Listing 1: Database Monitoring

01 #! /bin/sh
02
03 while true
04 do
05
06 zeit=$(date +%d.%m.%y\ %H:%M\ )
07
08 psql -U monitor -d monitor -c "select * from watch;"
09
10 if [ $? -eq 2 ];
11
12     then
13
14     echo "$time: Database is not accessible! ****************" >> dba.log
15     /usr/local/etc/rc.d/002pgsql.sh start
16     sleep 15
17     psql -U monitor -d monitor -c "select * from watch;"
18
19     if [ $? -eq 0 ];
20
21        then
22
23        echo "$time: Database online!  +++++++++" >> dba.log
24
25     else
26
27        echo "$time: Database: serious error! ***************" >> dba.log
28        echo "$time:         Unable to restart! ****************" >> dba.log
29        while true
30        do
31        psql -U monitor -d monitor -c "select * from watch;"
32
33        if [ $? -eq 0 ];
34
35        then
36
37        time=$(date +%d.%m.%y\ %H:%M\ )
38        echo "$time: Database online! +++++++++" >> dba.log
39        break
40
41        fi
42        sleep 15
43        done
44
45     fi
46
47 fi
48 sleep 15
49
50 done
After starting, the script outputs the log at the console: availability, error, restart, database running.
Figure 1: After starting, the script outputs the log at the console: availability, error, restart, database running.

Printer Restart

The second sample script relates to the printing service. The one shown here is taken from a production example, in which the cupsd server has an unknown problem with a network printer. The printer was disabled time and time again, causing no end of frustration to users and unnecessary work for the system admins. The shell script shown in Listing 2 doesn't output messages; instead, it simply restarts the service. Either run these scripts manually (for a temporary fix or quick check) or as RC scripts.
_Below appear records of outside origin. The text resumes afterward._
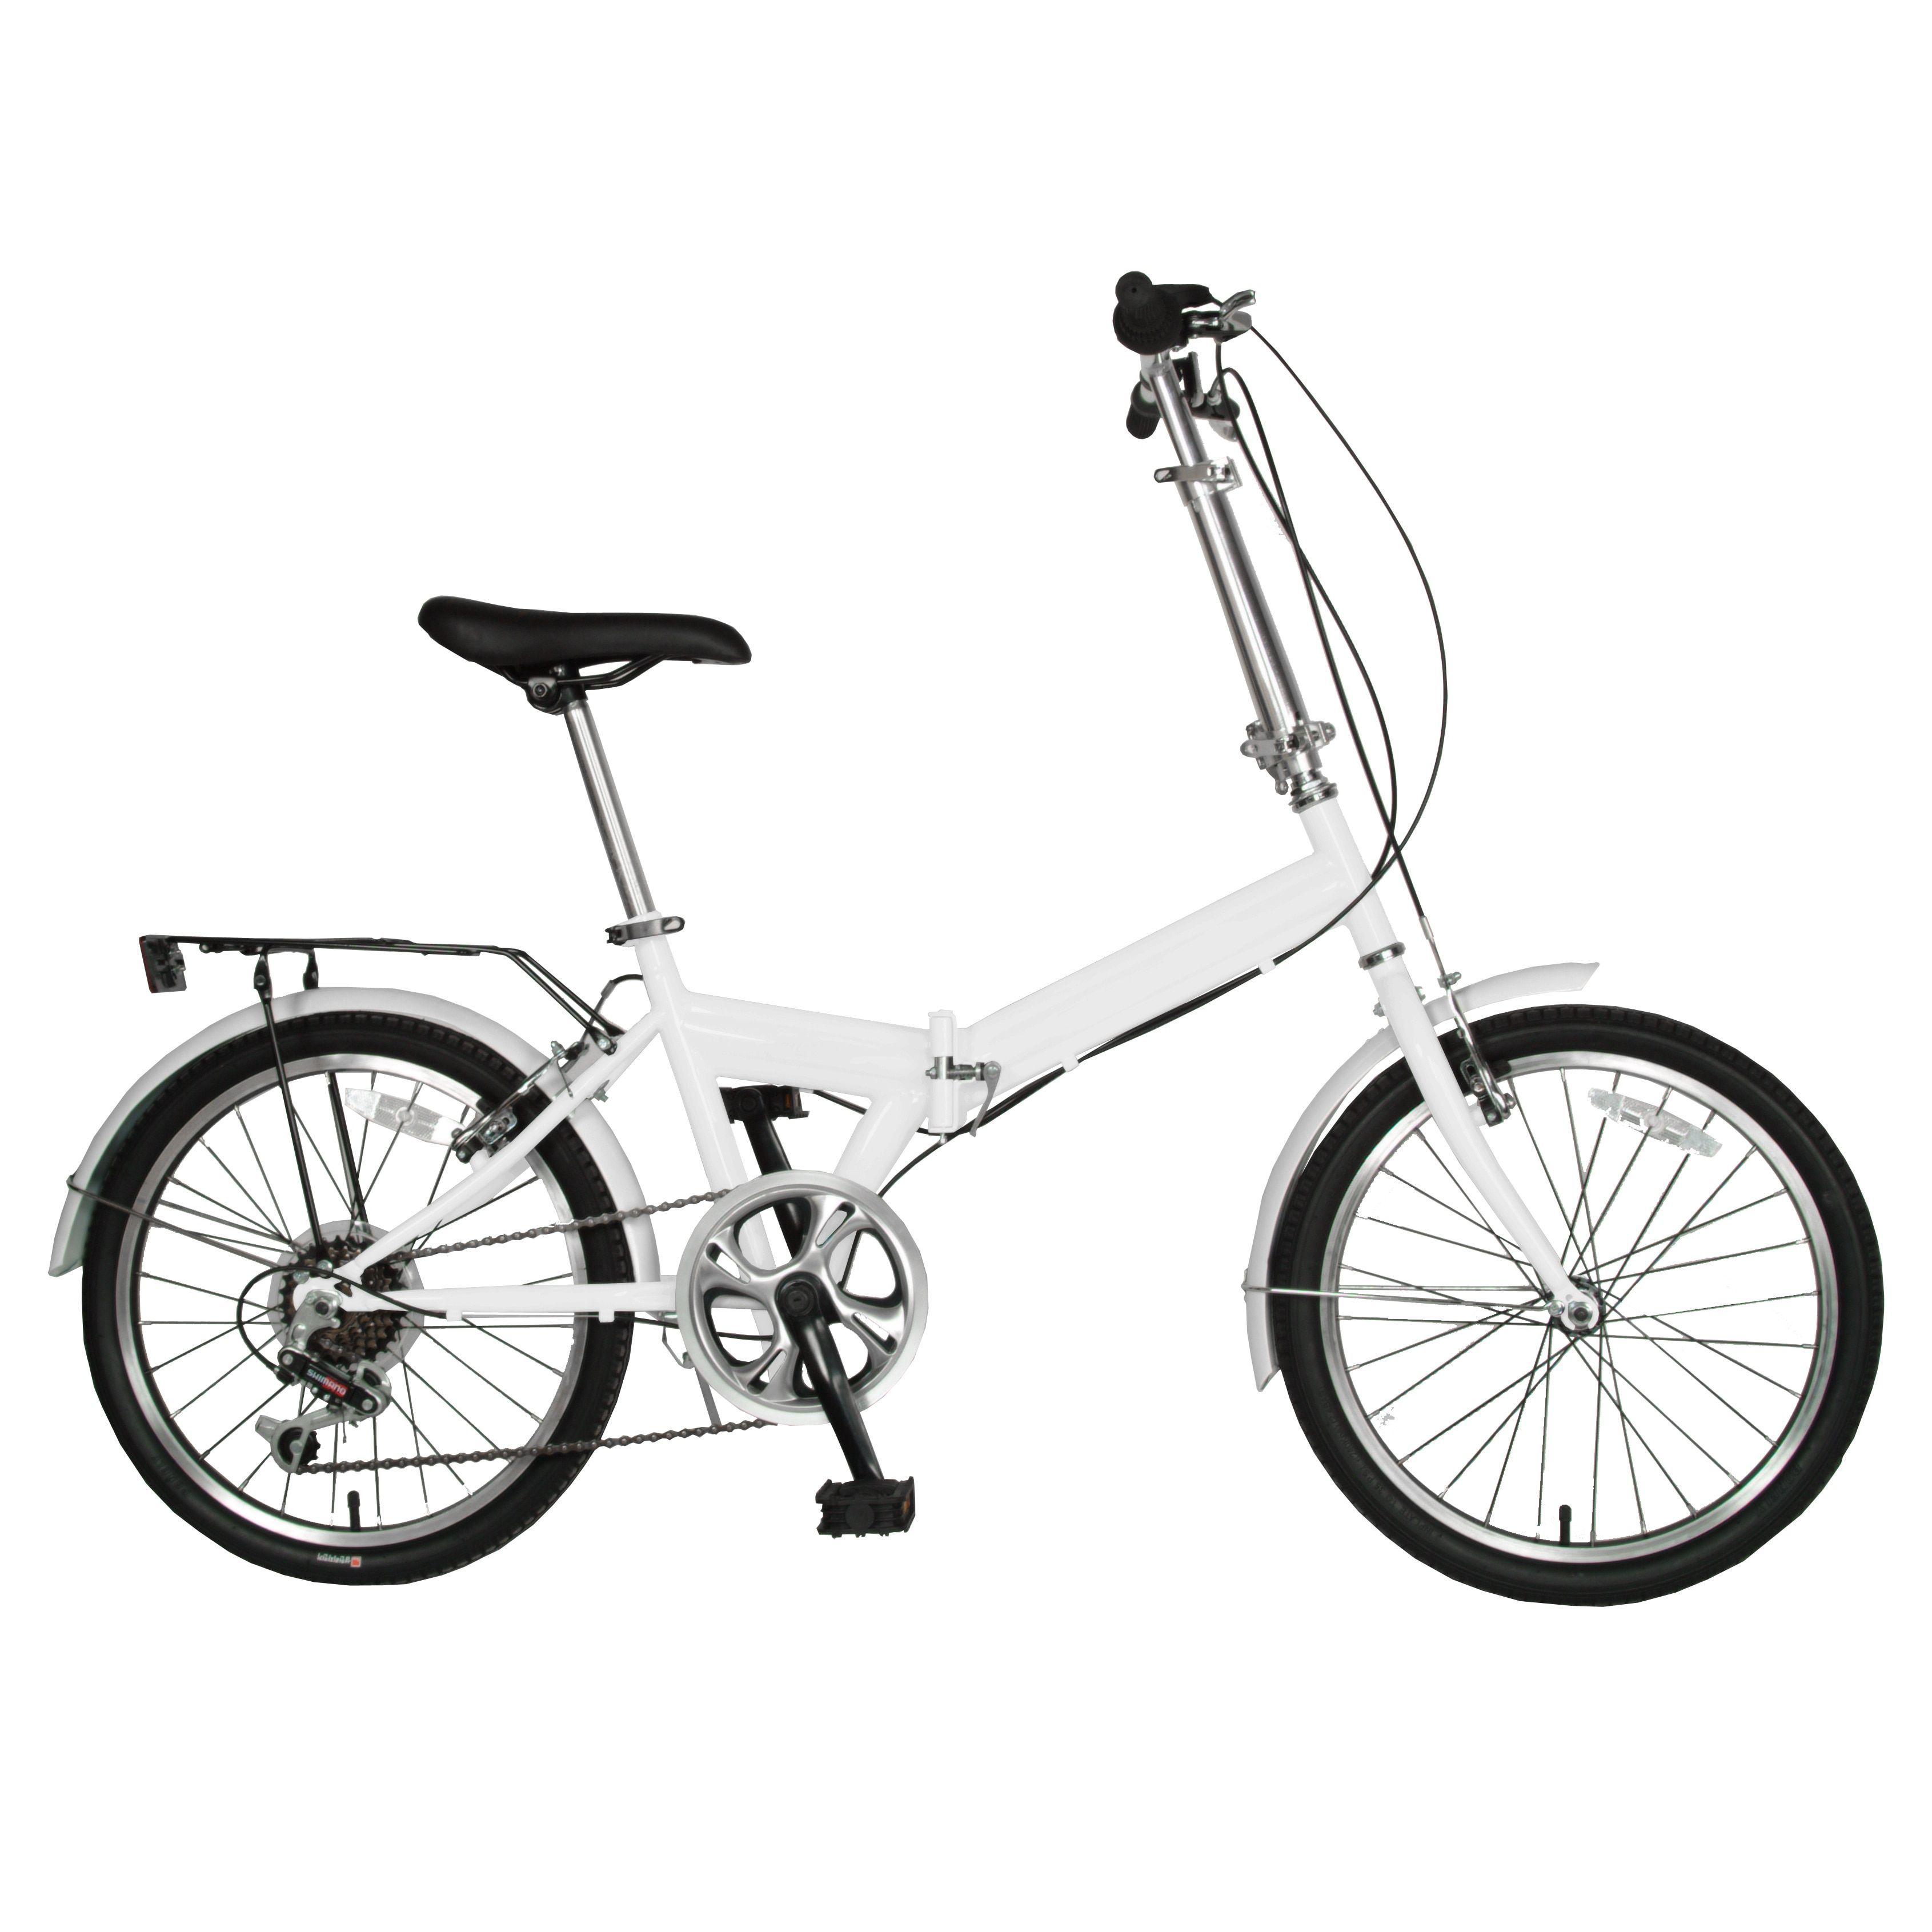 Cycle Force 20-inch Folding Bike, White | kawaii | Pinterest | Bike ...
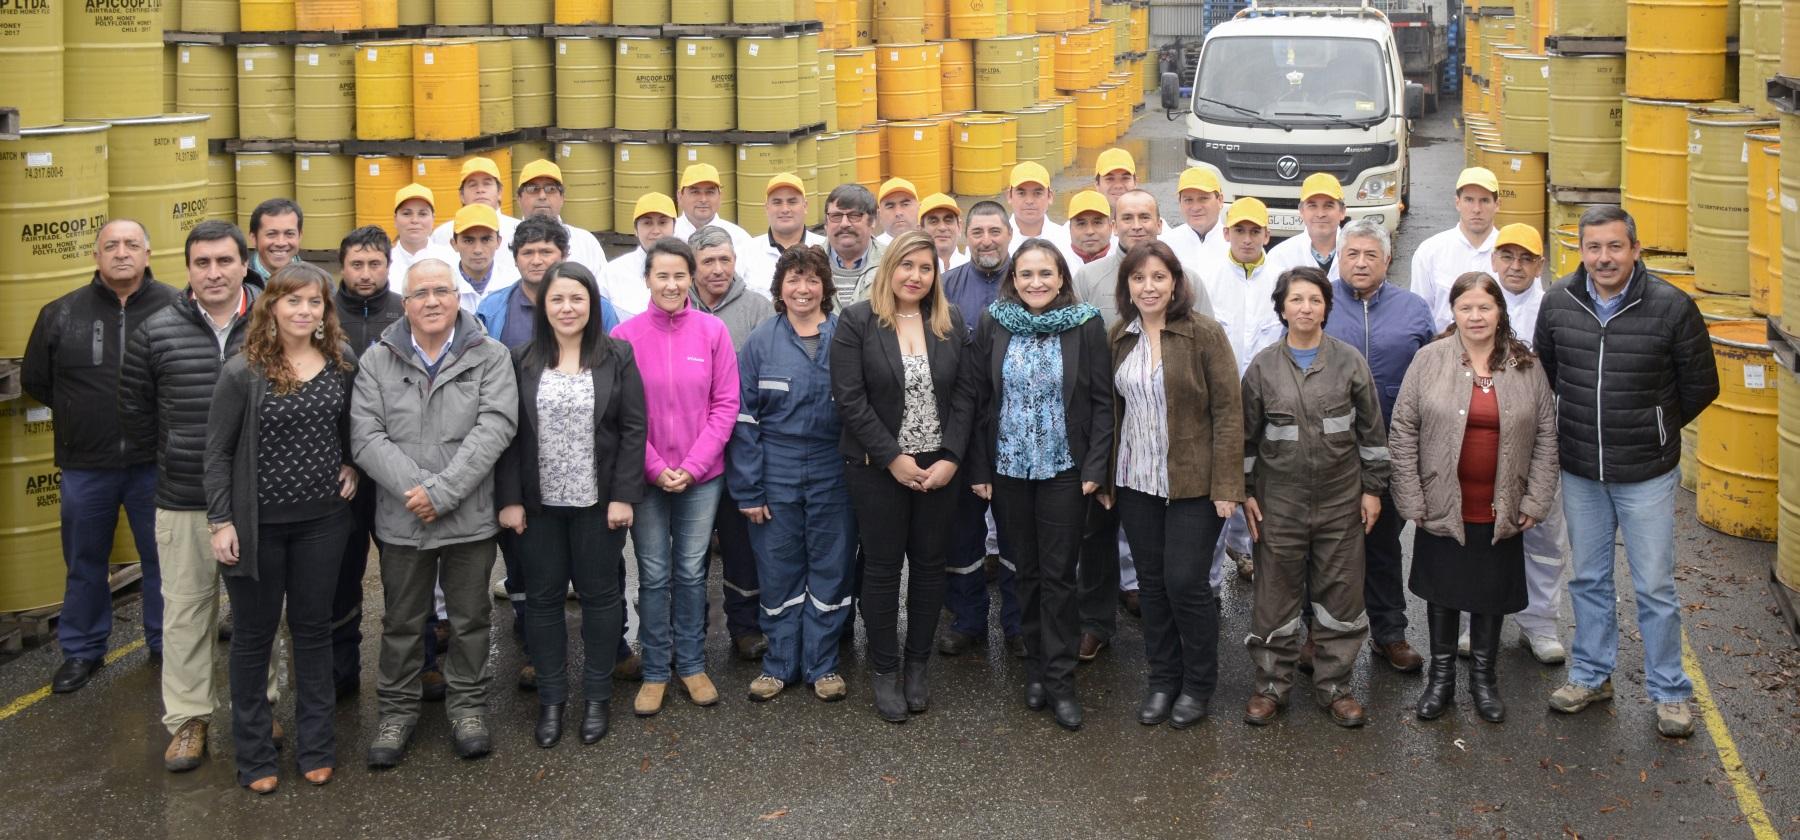 APICOOP Grupo productor Comercio Justo
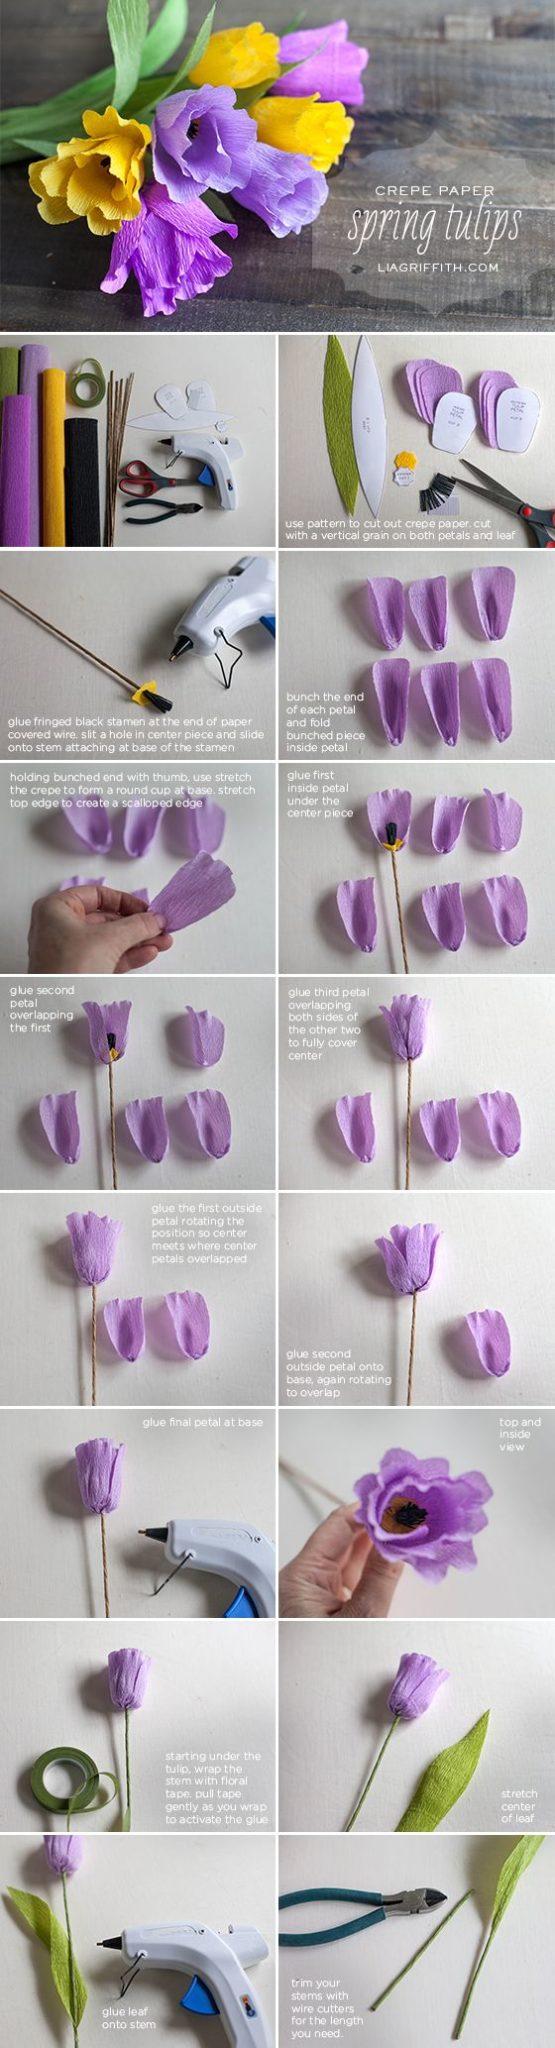 Cómo hacer tulipanes con papel crepe

Listing 2: CUPS Monitoring

01 #! /bin/sh
02
03 while true
04 do
05
06 lpq -Plp | grep -q "lp is ready"
07
08 if [ $? -gt 0 ]
09    then
10    cupsenable lp
11 fi
12
13 sleep 15
14
15 done

Conclusions

Administrators don't need a complex monitoring framework that covers every aspect of the environment and has a multi-week learning curve. With some scripting know-how, you can easily create your own shell scripts to monitor server daemon processes and restart them autonomously if so desired. The use of shell scripts to monitor daemons and other system functions is by no means restricted to small embedded systems. With scripts tailored to match your requirements, you can establish your own troubleshooting arsenal.